Virtual assistants on mobile phones are becoming smarter
Siri, Google Now and Microsoft’s Cortana are evolving, but other players might beat them to the punch.
VIDEO: How Australian start-ups can achieve world domination
GRAPHIC: How does Australia compare with the rest of the world?
QUIZ: How much do you really know about startups?
Virtual assistant services like Apple’s Siri, Google Now and Microsoft’s Cortana are evolving out of their voice-centric shells into something more useful. But there are other players with grander visions that might beat them to the punch.
While the tech giants tout their potential, current voice assistant services see little day-to-day use and rarely work as expected. How many times have you queried Google Now, Siri or Cortana only to be greeted with a Google or Bing search in response? And even if voice assistants were more helpful, how many people really want to bark orders at their phone on a frequent basis? That’s why Apple, Google and Microsoft are pushing to transform the likes of Siri and Cortana from their ‘‘passive’’ forms to more ‘‘active’’ ones, where the virtual assistant does useful things before it’s prompted.

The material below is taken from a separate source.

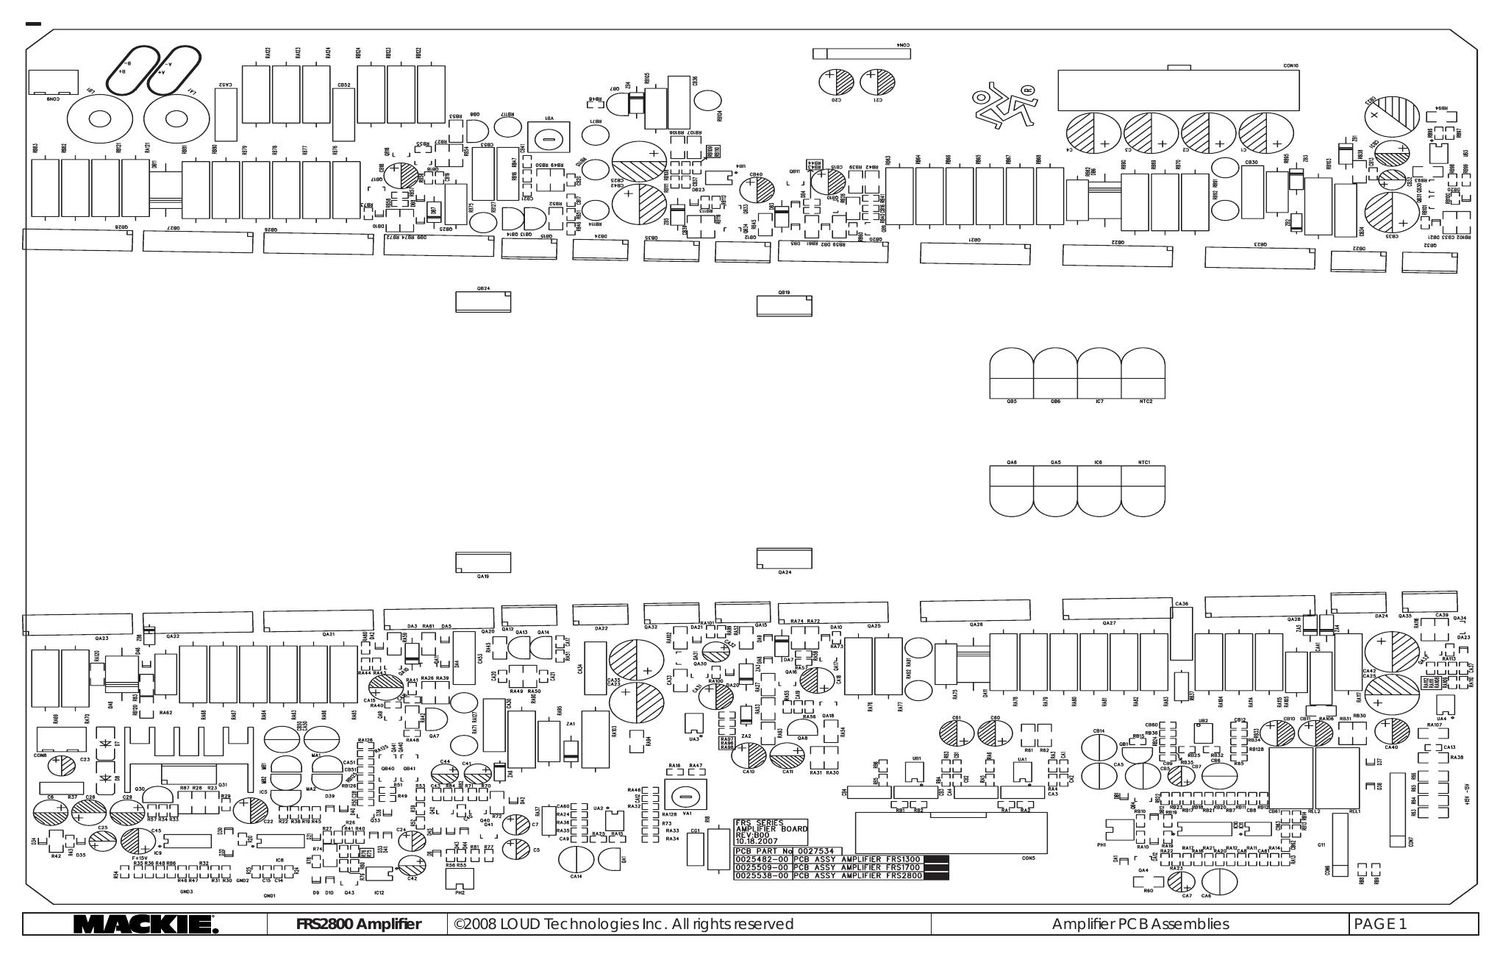 Mackie FRS2800 Main Schematic Layout
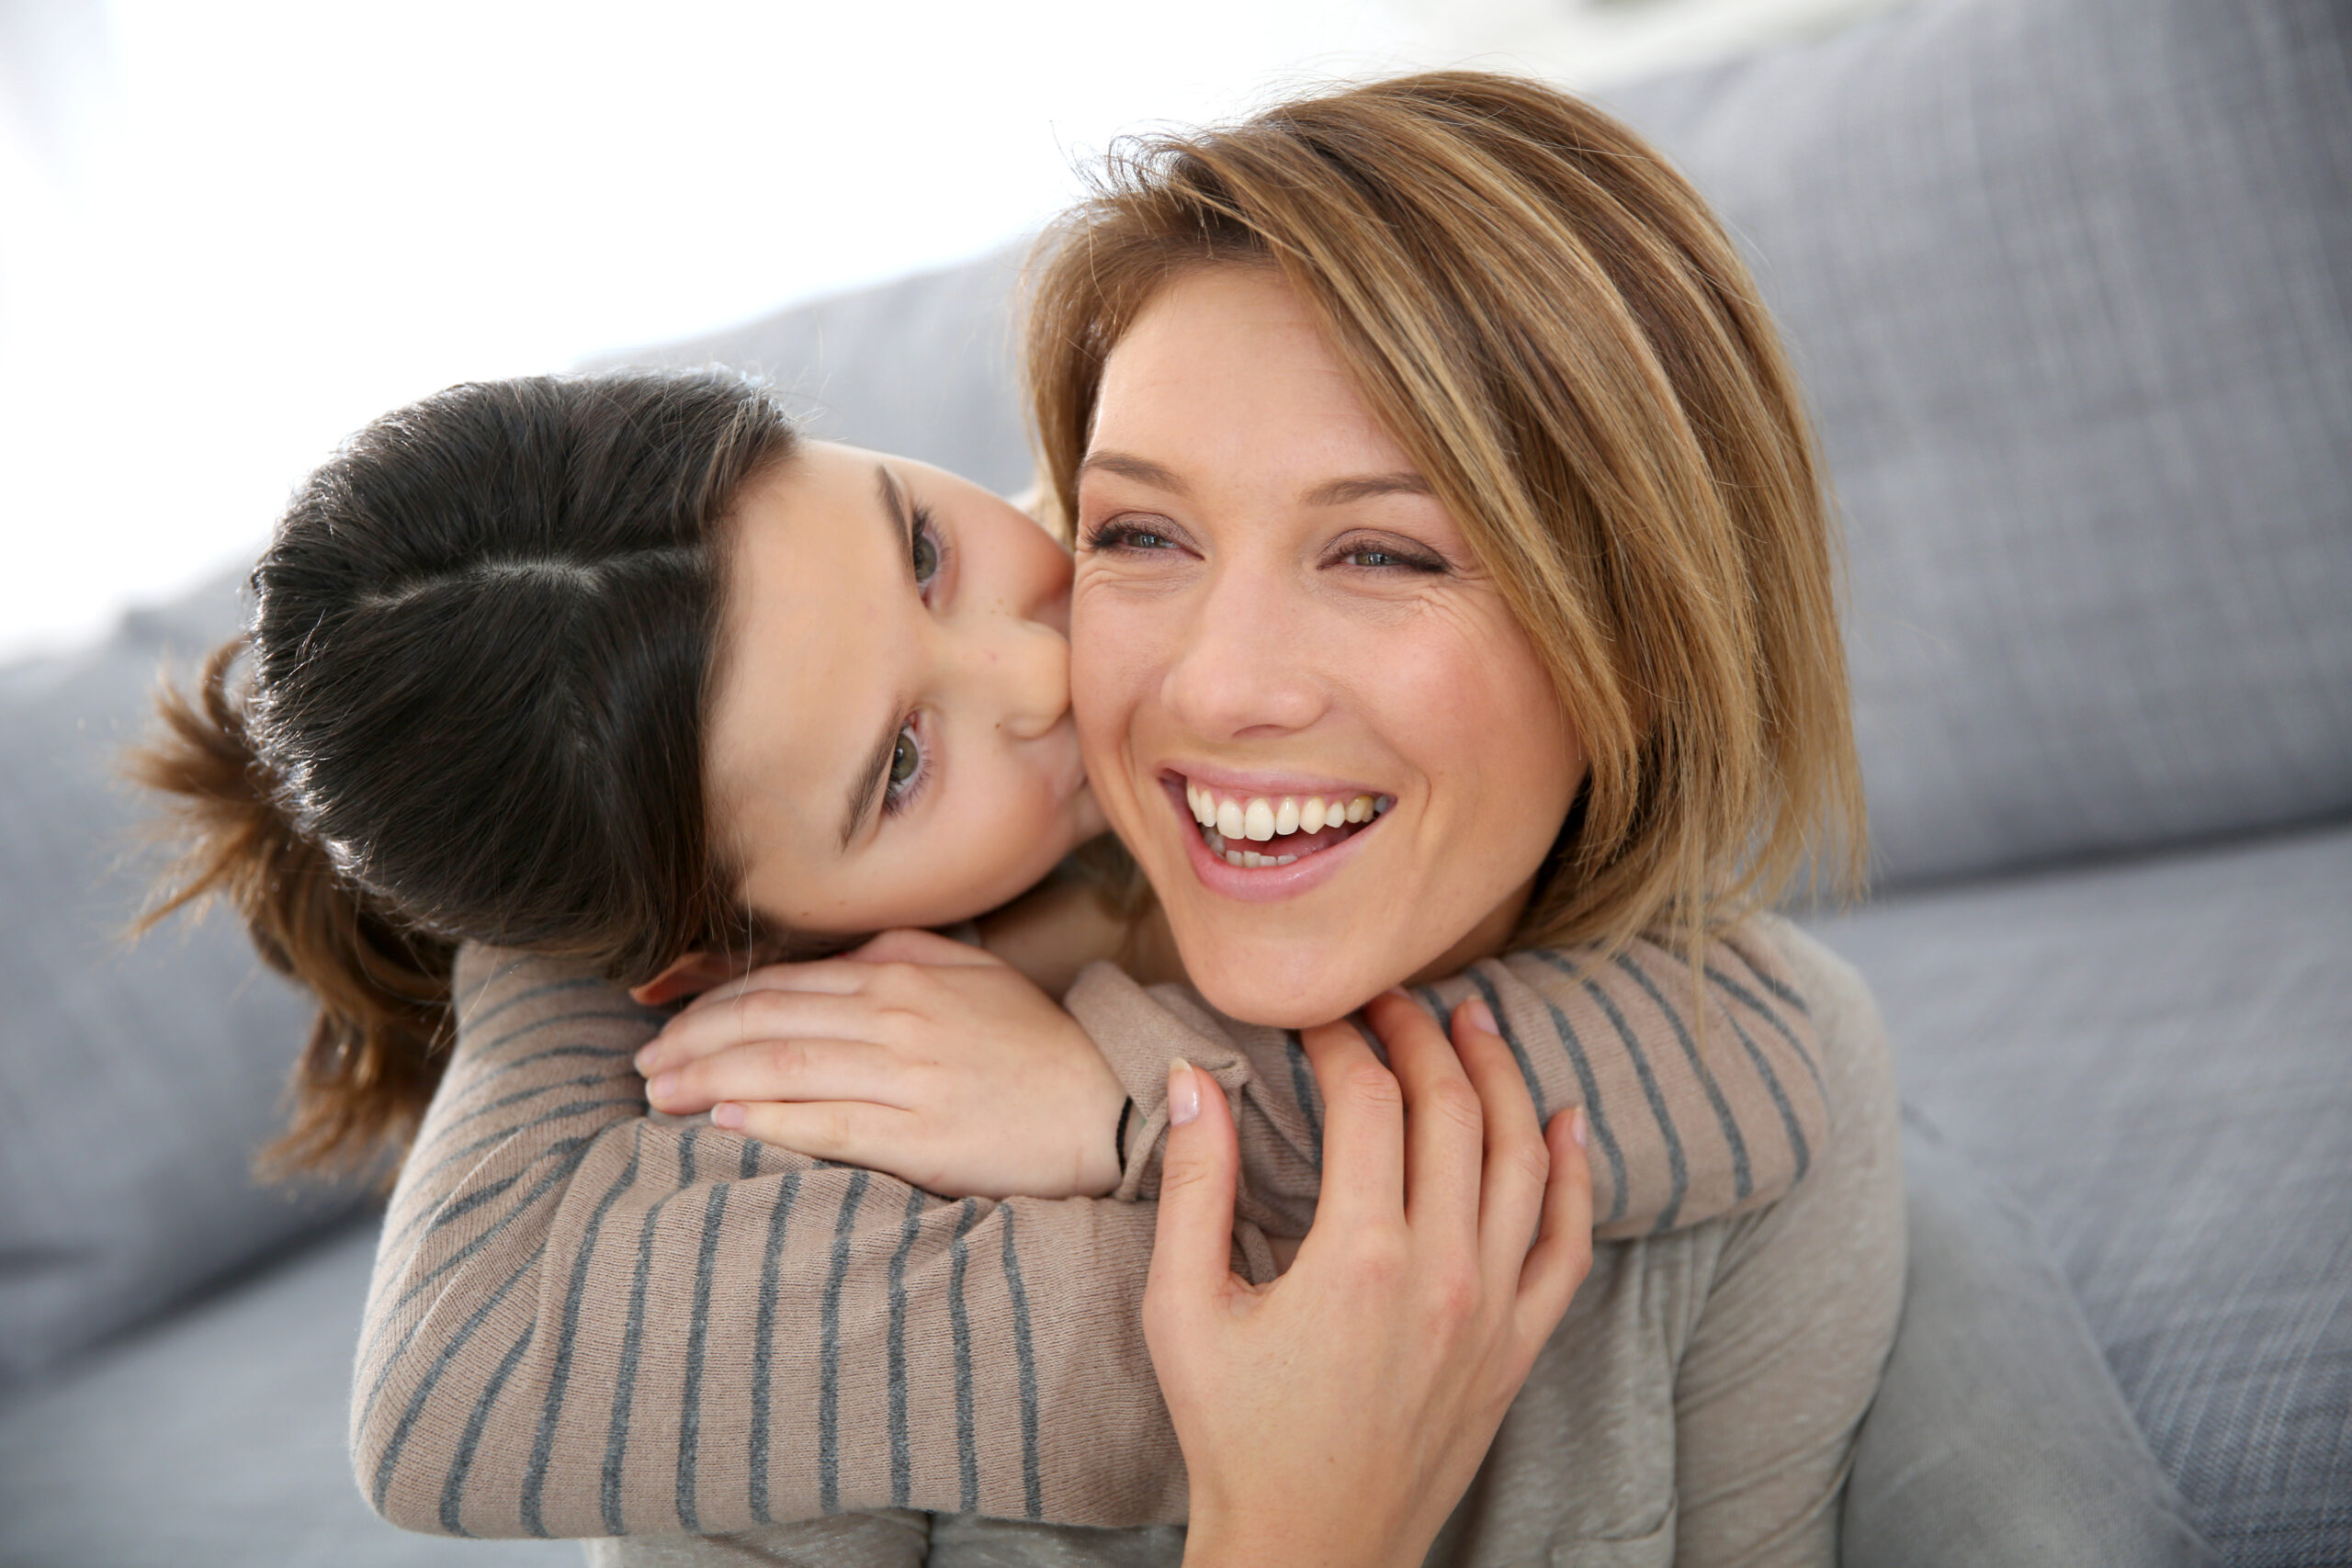 A girl hugs and kisses her mom

You can see shades of this transformation with Google Now when it scans your communications for upcoming events and automatically puts it in your calendar. Siri’s ‘‘Proactive’’ feature in iOS 9 will cross-check your emails for potential names during an incoming call while Cortana will remind you to file that expense report the next time you call accounts.
Facebook has also entered the fray with its unique take on the virtual assistant with ‘‘M’’, which is powered by a mix of real-life people and AI algorithms. The human element allows it to fulfil requests that its competitors can’t, such as making restaurant reservations on your behalf, finding a birthday gift for your spouse or booking weekend getaways. The service is integrated into Facebook’s existing Messenger app and instead of voice commands, requests need to be typed in. The lack of OS level integration means that M lacks the immediacy of its big name competitors. That said, it will be interesting to see how Facebook develops the product over time as it learns more about the personal habits of its users.
But the big four aren’t the only ones pushing the boundaries.
The virtual assistance app from SoundHound (the company behind the popular music identification app) in many ways puts the likes of Cortana, Siri and Google Now to shame with its speed, accuracy and ability to reply to increasingly complicated requests.
Hound has generated a great deal of buzz ever since the company’s CEO, Keyvan Mohajer, released a demo on YouTube showing the app in action. The video racked up 1.5 million views in a few days. The company has since released the app in beta form and while it might seem like it has come out of nowhere, Mohajer and his team have been working on the voice recognition and the natural language understanding tech that powers Hound for over a decade. It wasn’t until the success of SoundHound that they were finally able to throw the necessary funds and resources at the project.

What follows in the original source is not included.